Matt nodded. The word still hurt.

  “How does the truth feel?”

  “Not good.”

  “Cold reality is better than warm fantasy,” Dr. Arksham said.

  Matt nodded. Impulsively, he asked, “Do you hate us?”

  Dr. Arksham raised an eyebrow. “Hate you? As in HuMax hate humans, or Corsairs hate Union?”

  Matt shook his head. It was a stupid question. He shouldn’t have asked it.

  “It’s all the same level of idiocy,” Arksham continued. “There’s no gene for evil. There are only people. Some good, some bad.”

  Matt couldn’t think of anything to say.

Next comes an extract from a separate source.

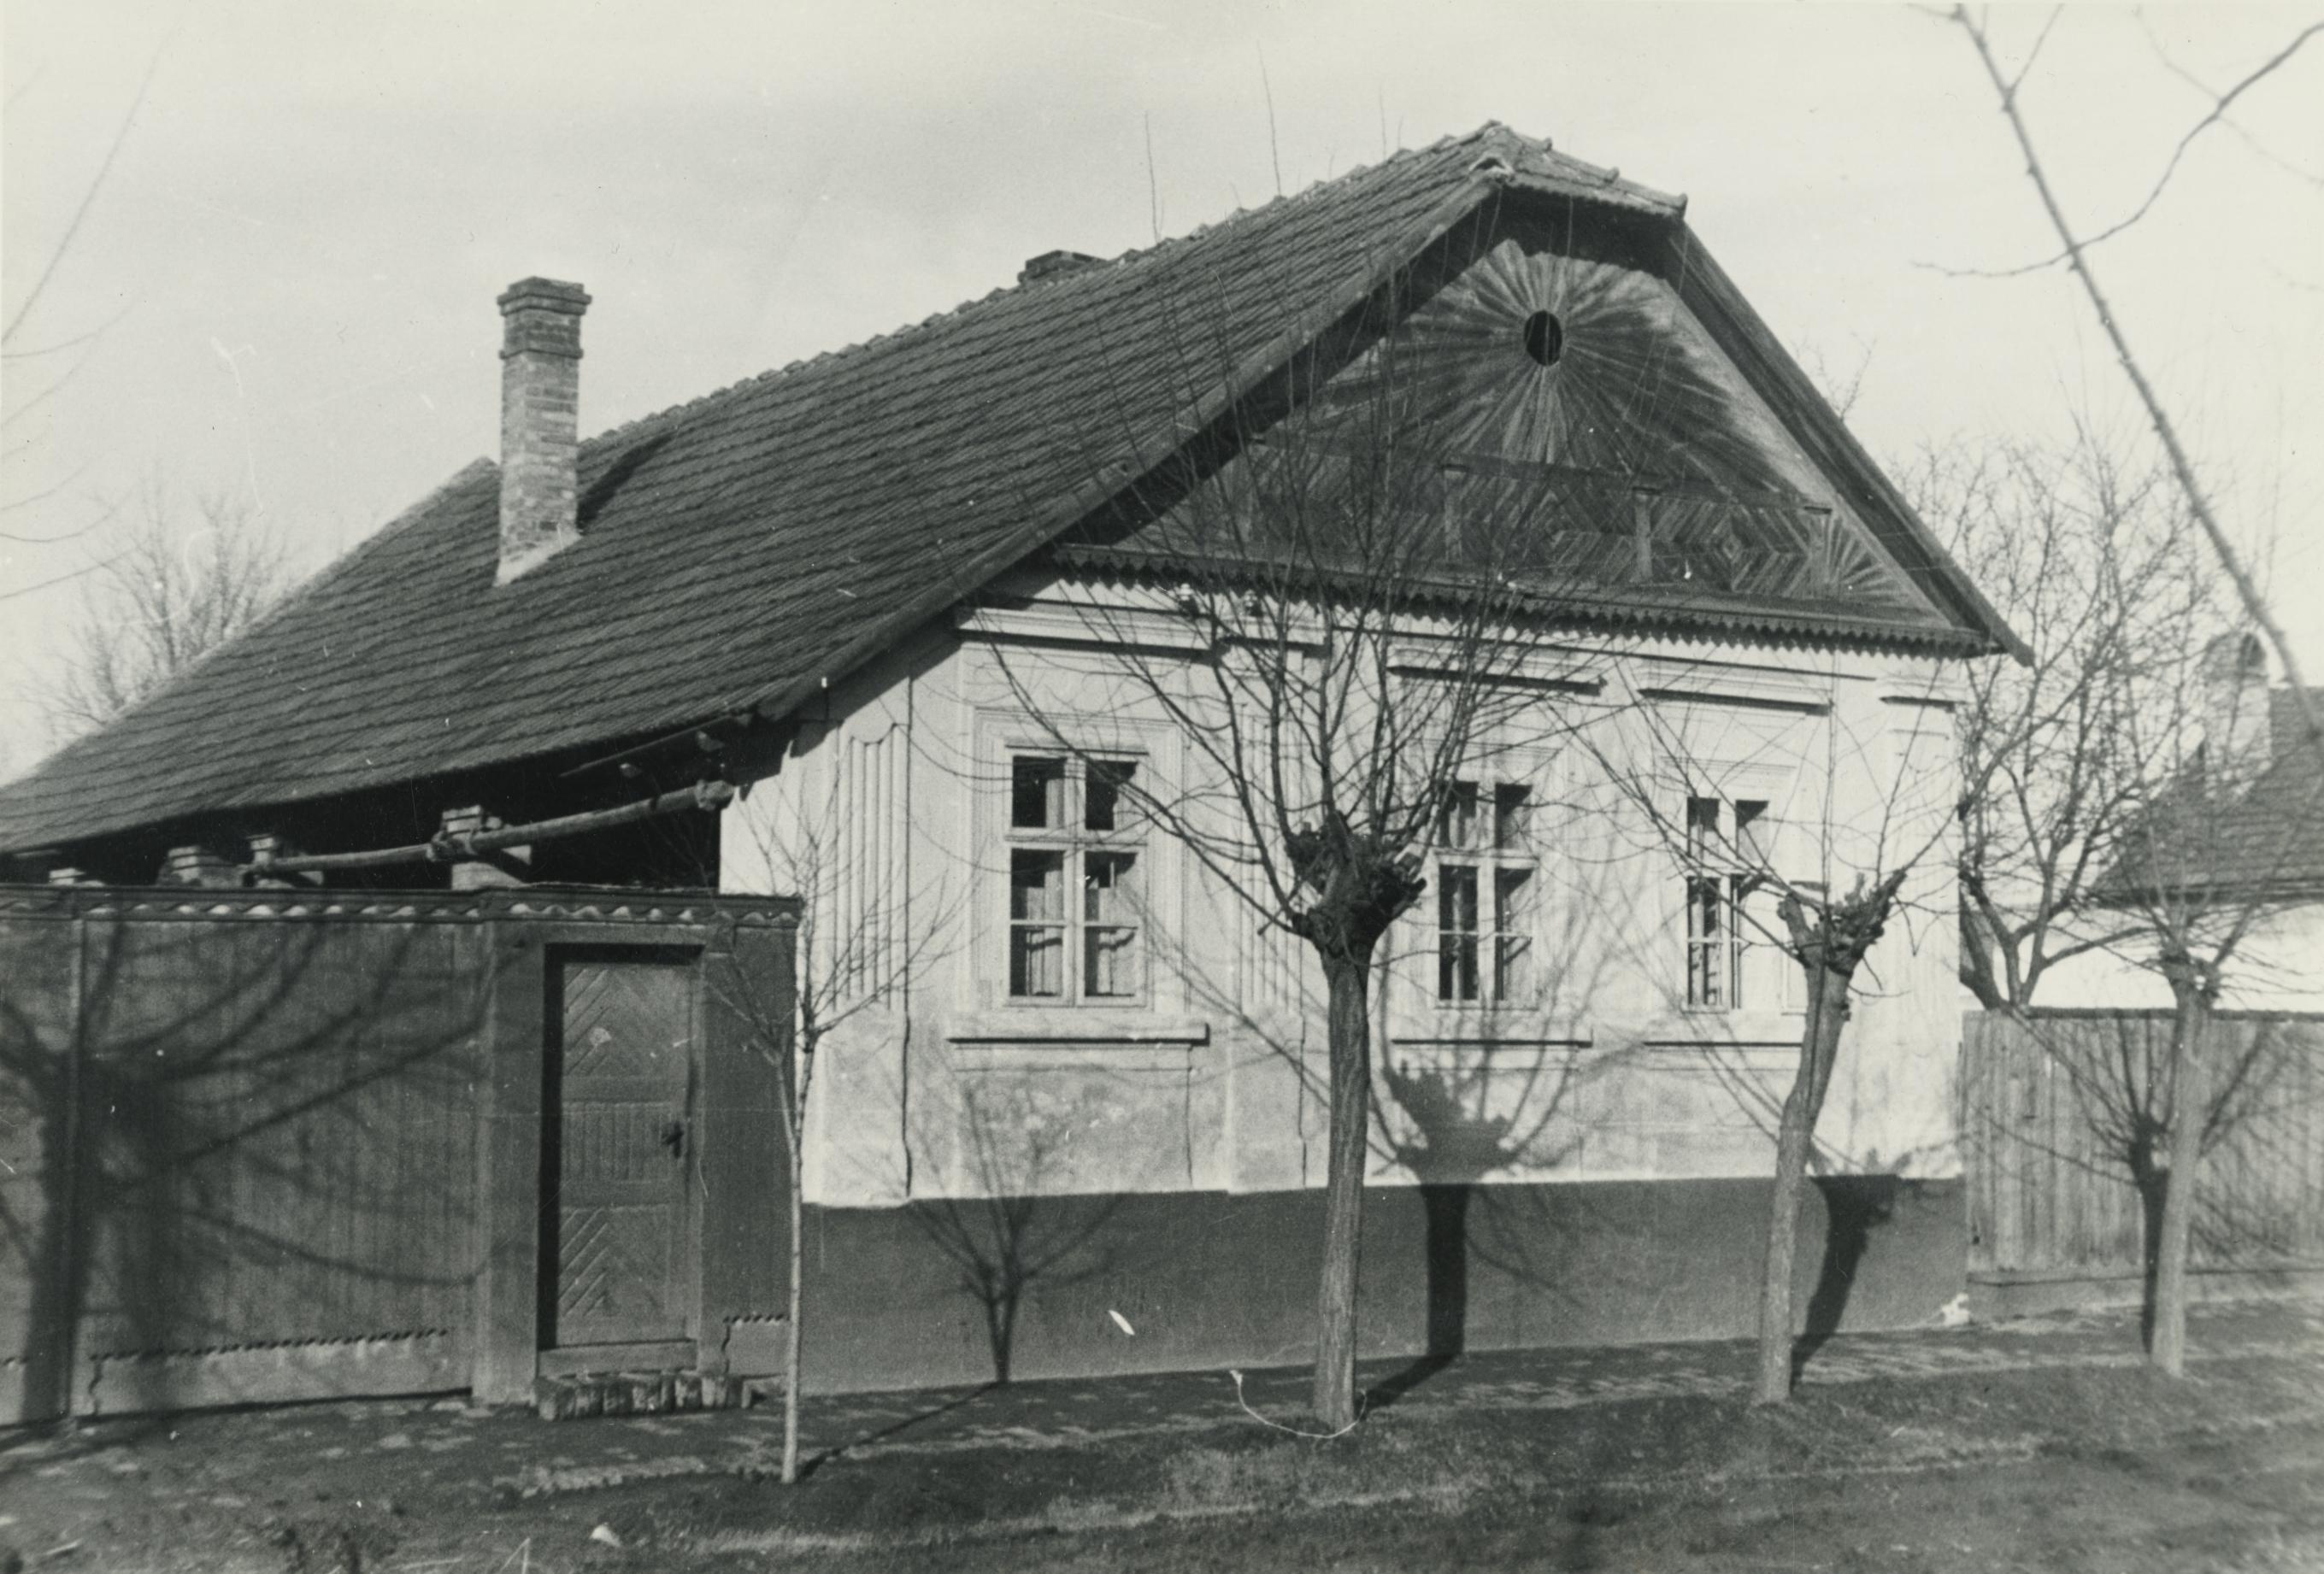 A szegedi Pásztor utca 63. számú parasztháza

After his growing up knowing HuMax were monsters and Corsairs were the enemy, Dr. Arksham’s low-key common sense seemed almost surreal.

  “As for you and your decision to defect?” Arksham continued. “I’ll say only one thing: good for you. It takes a strong person to see the truth. And stronger to act on it.”

  Dr. Arksham had Ione get up on the exam table and went through his usual doctorlike things, running tests on a slate with displays too complex for Matt to understand. When he was done, he sighed.

  “You have a fever,” he told Ione. “Thirty-eight point five Celsius.”

  “That doesn’t sound bad,” Matt said.

  “HuMax body temperatures are cooler than human norm, so she’s running two and a half degrees above basal temperature.”

  “And?” Ione asked.

  “And that’s all, so far. Whatever genomic alteration method they’re using, it’s very, very subtle. Not virus-based at all. I can’t detect it. We’re either looking at prions or—” The doctor broke off and shook his head. “Or nothing. Nanomachines are fantasy.”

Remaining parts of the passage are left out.